■ INFORMATION SUPPLIED
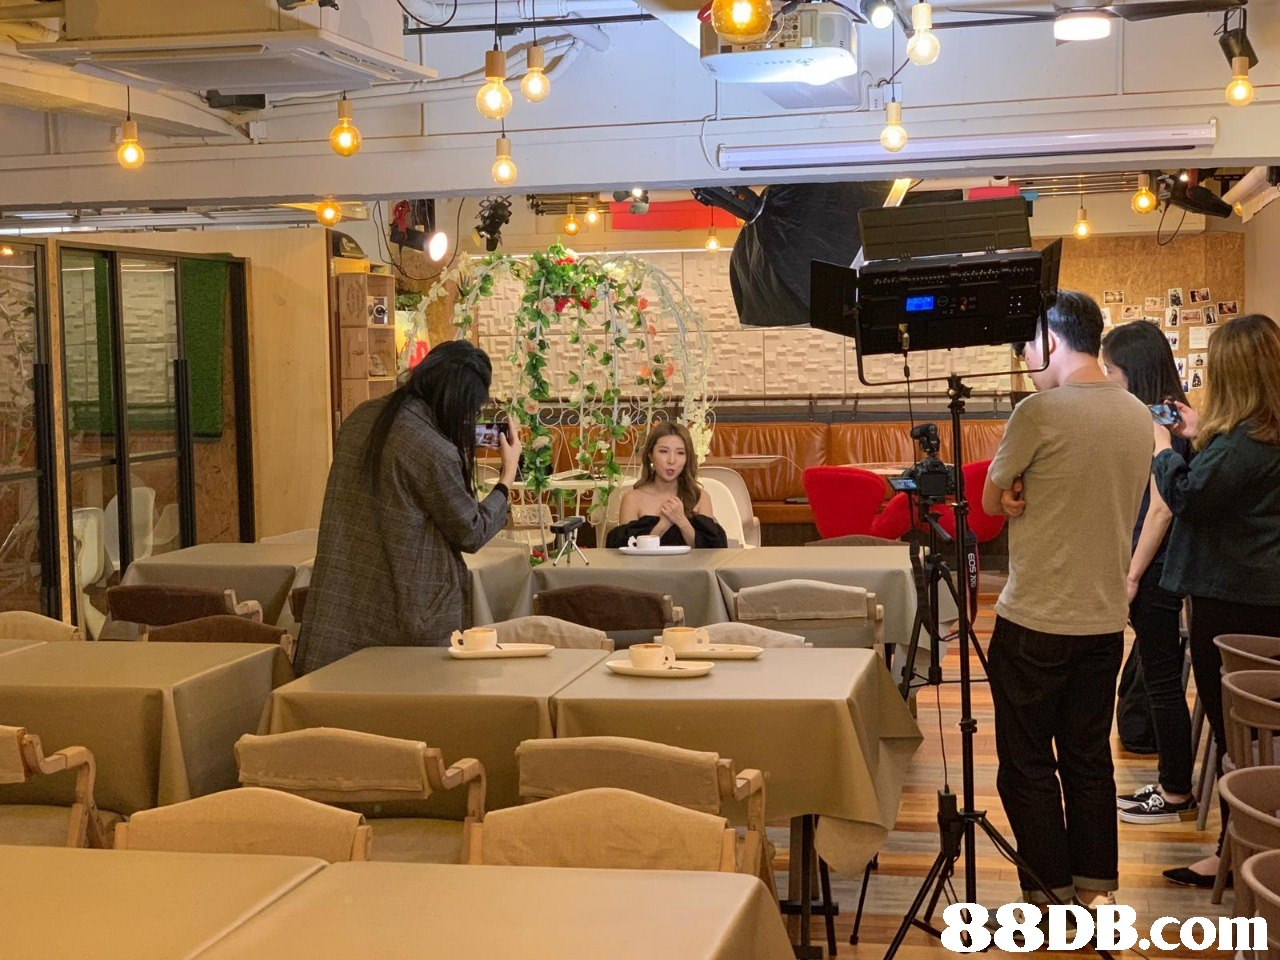 restaurant,function hall,interior design,
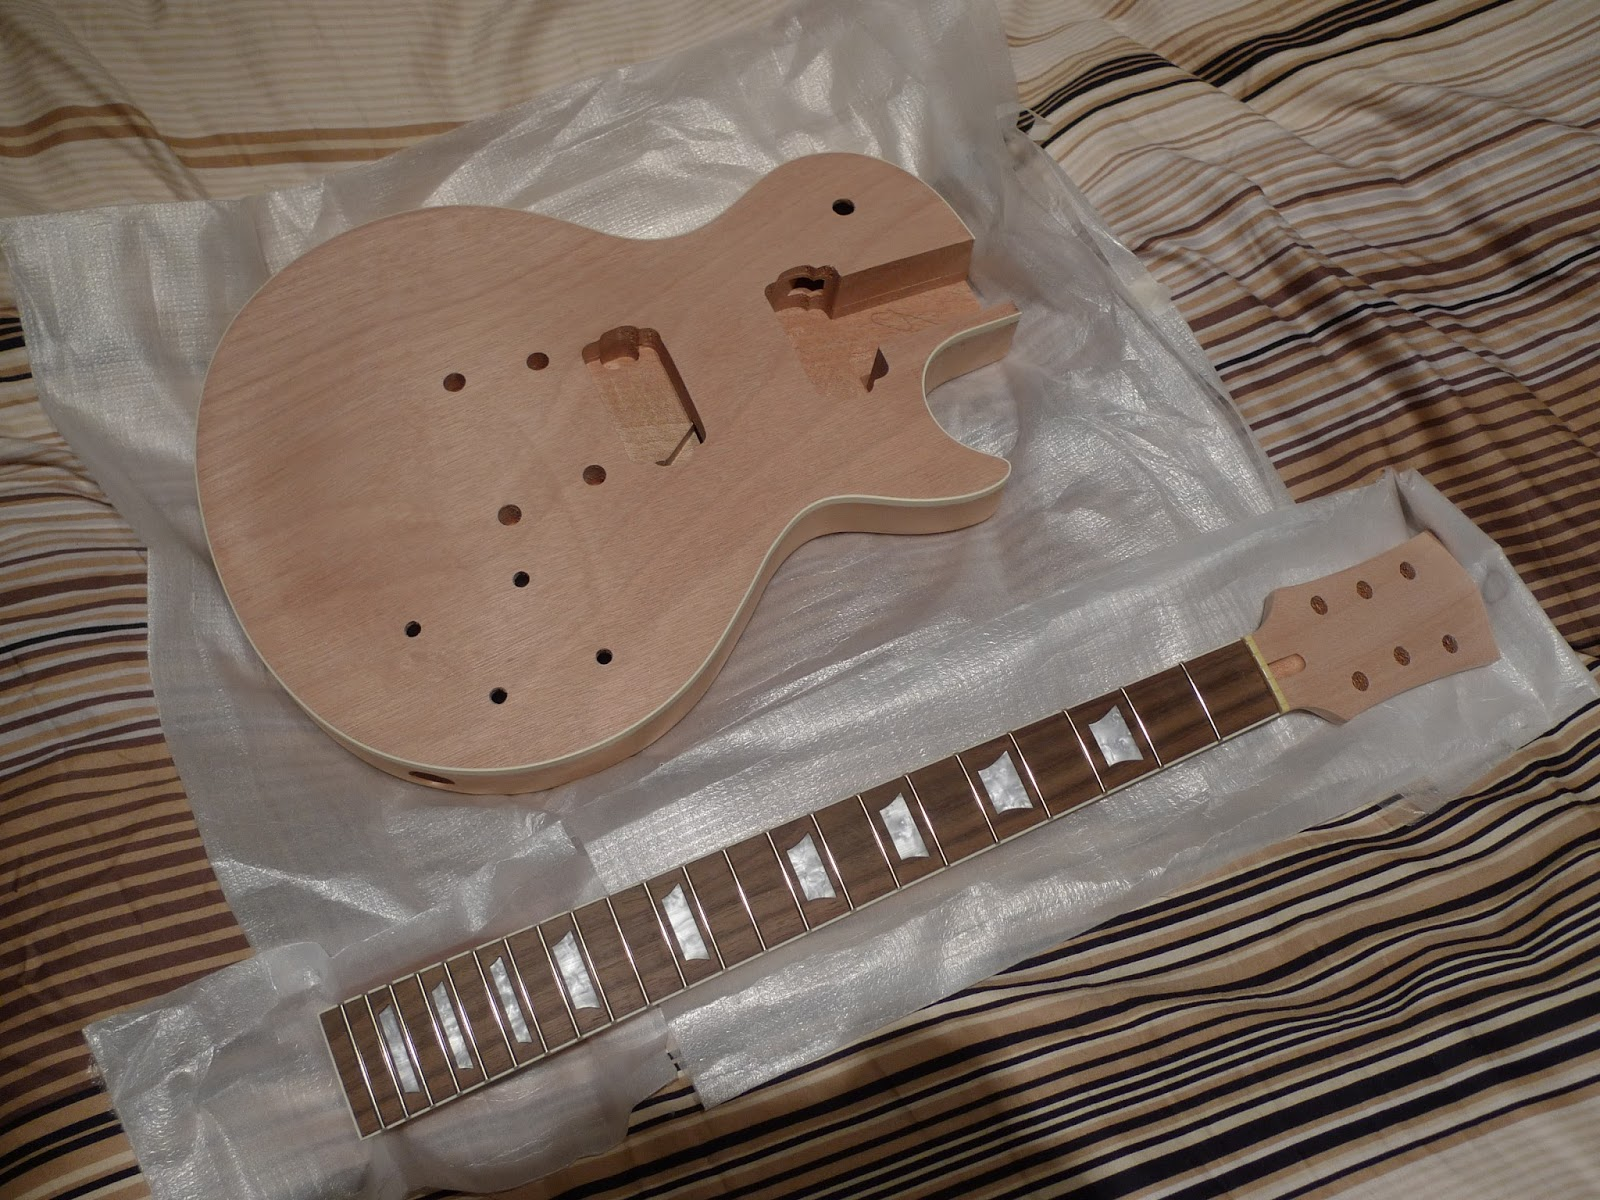 sr system audio kit diy guitare type les paul. Black Bedroom Furniture Sets. Home Design Ideas
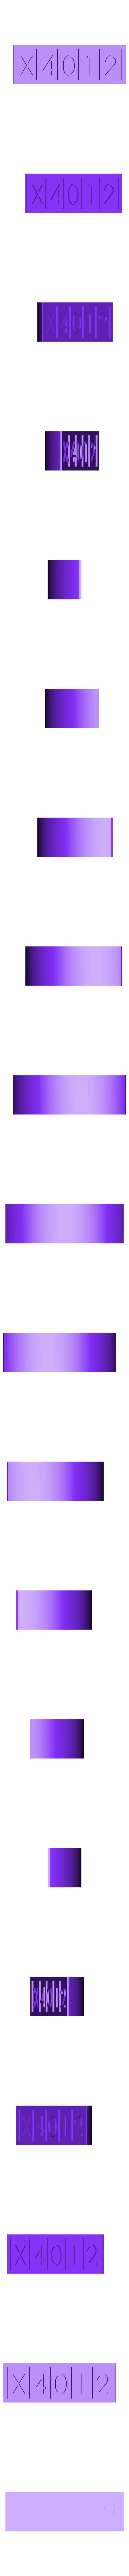 Indicator_Lamp.STL Download free STL file 4-8-8-4 Big Boy Locomotive • 3D printer object, RaymondDeLuca

■ ACTIVITY
Write out the data above precisely. Pictures stay out.

■ SOLUTION TO THIS PROBLEM
 restaurant,function hall,interior design,
 sr system audio kit diy guitare type les paul. Black Bedroom Furniture Sets. Home Design Ideas
 Indicator_Lamp.STL Download free STL file 4-8-8-4 Big Boy Locomotive • 3D printer object, RaymondDeLuca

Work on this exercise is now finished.